Independent inferencing

When the knowledge source that comprises your RAG system is heterogenous and search spans across various data sources, it's challenging to maintain high-quality results. Especially when the same information appears in different formats and contexts (for example, FAQ documents, conversational systems, and ticketing systems).

A recommended approach is to independently search each data source and provide answers with links to their original sources. This method offers several benefits:

  • Improved accuracy. Reduces the risk of hallucinations or incorrect answers when we combine data from diverse sources.
  • Enhanced relevance. Delivers more relevant answers, even for queries with limited or no direct matches as the retrieval is more narrow and source-specific.
  • Contextual understanding. Allows for a better understanding of the information, considering the context of each source.

While this approach can lead to more distributed answers, it also presents potential challenges:

  • Contradictions. Different sources may provide conflicting information.
  • Redundancy. Similar information may appear in multiple sources.

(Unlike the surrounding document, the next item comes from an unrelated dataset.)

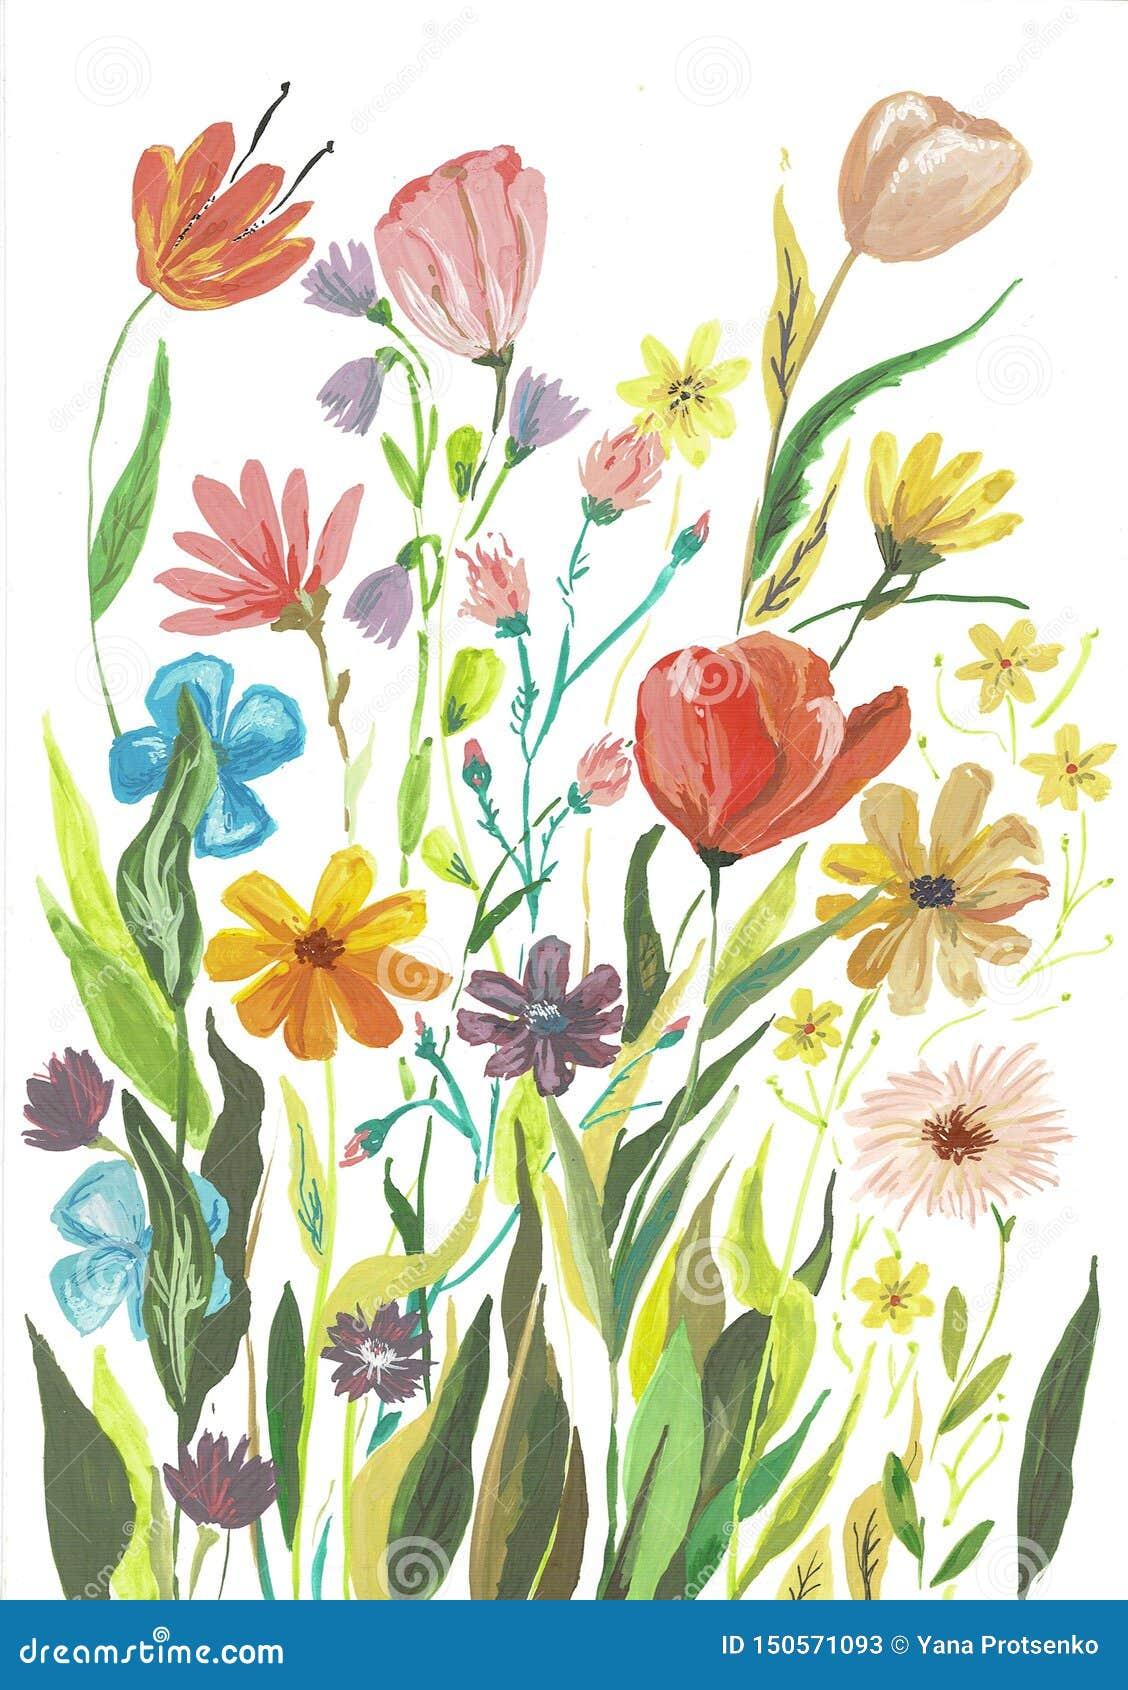 Lokalisierten rote magentarote weiße rosa Blumenstrauß-Blumen und Federn Aquarell Boho Burgunder

Prioritization of documents

When dealing with a large and diverse data set, it's important to make sure that crucial documents like FAQs and user guides are easily found. By tagging and storing these important documents separately in a system like a vector database (for example, Milvus or Elasticsearch), we can improve search accuracy and help users quickly find what they're looking for. Here's how we can achieve this using Milvus and Elasticsearch.

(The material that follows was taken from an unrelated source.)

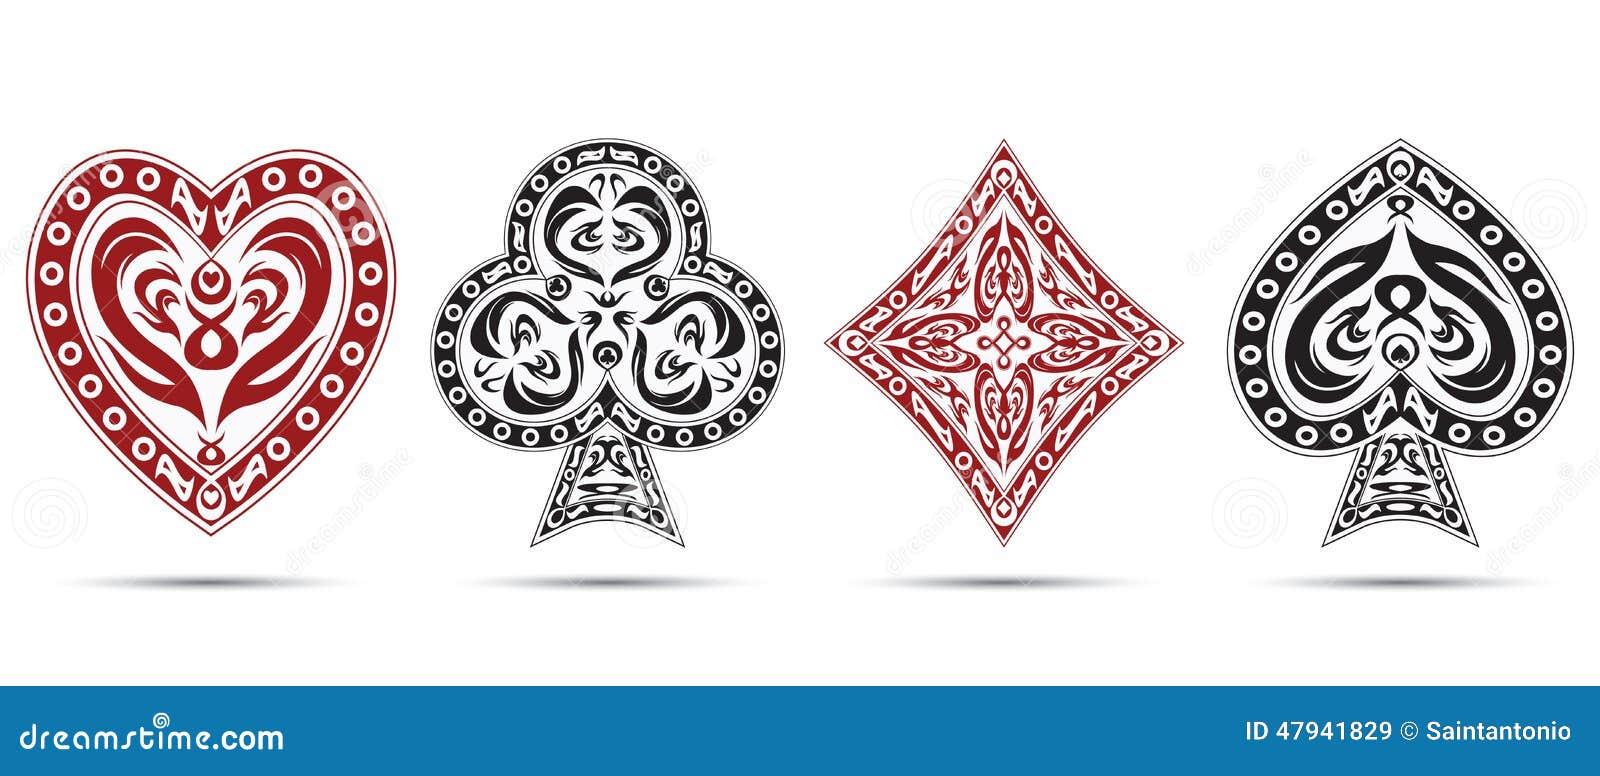 Spades, harten, diamanten, de kaartensymbolen van de clubspook op witte achtergrond worden geïsoleerd die

Milvus: Multi vector search

The following steps show how you can use Milvus Vector DB for prioritized document search.

  1. Create separate partitions:

    • Store highly important documents in a dedicated partition.
    • Store other documents in a common partition.
  2. Search both partitions:

    • Use Milvus to search both partitions simultaneously. AnnSearchRequest is used for this.
    • Retrieve the top x results from the priority partition and the top y results from the common partition.
  3. Combine and rank results:

    • Merge the results from both partitions.
    • Use a ranking algorithm like reciprocal rank fusion (RRF) or Weighted Ranker to optimize result relevance.
  4. Returned top N most relevant results can used for response generation

MilvusIllustration

Elastic: Custom implementation

The following steps show how you can use ElasticDB for prioritized document search

  1. Create a separate index:

    • Create a prioritized index for highly important documents.
    • Create common index for other documents.
  2. Perform a keyword search on both indexes:

    • Retrieve top x (say 100) results from the common index.
    • Retrieve top x (say 10) results from the prioritized index.
  3. Perform a semantic search on both indexes:

    • Retrieve top x (say 10) results from the common index.
    • Retrieve top x (say 3)results from the prioritized index.
  4. Combine and rank results:

    • Merge the results from both indexes.
    • Use a ranking algorithm like Reciprocal Rank Fusion (RRF) or Weighted Ranker to optimize result relevance.
  5. Refine the search with BM25.

    • Returned top 10 most relevant results are further refined with BM25 and used for response generation.

ElasticDBIllustration

Summary

Ensuring the success of RAG systems requires careful consideration and testing. A key step is transforming diverse data into a suitable AI-friendly format. By selecting the right tools and prioritizing clean, structured extraction, we can provide AI models with high-quality data. RAG optimization techniques can be tailored to the specific knowledge source and user behavior. Combining multiple approaches often yields the best results.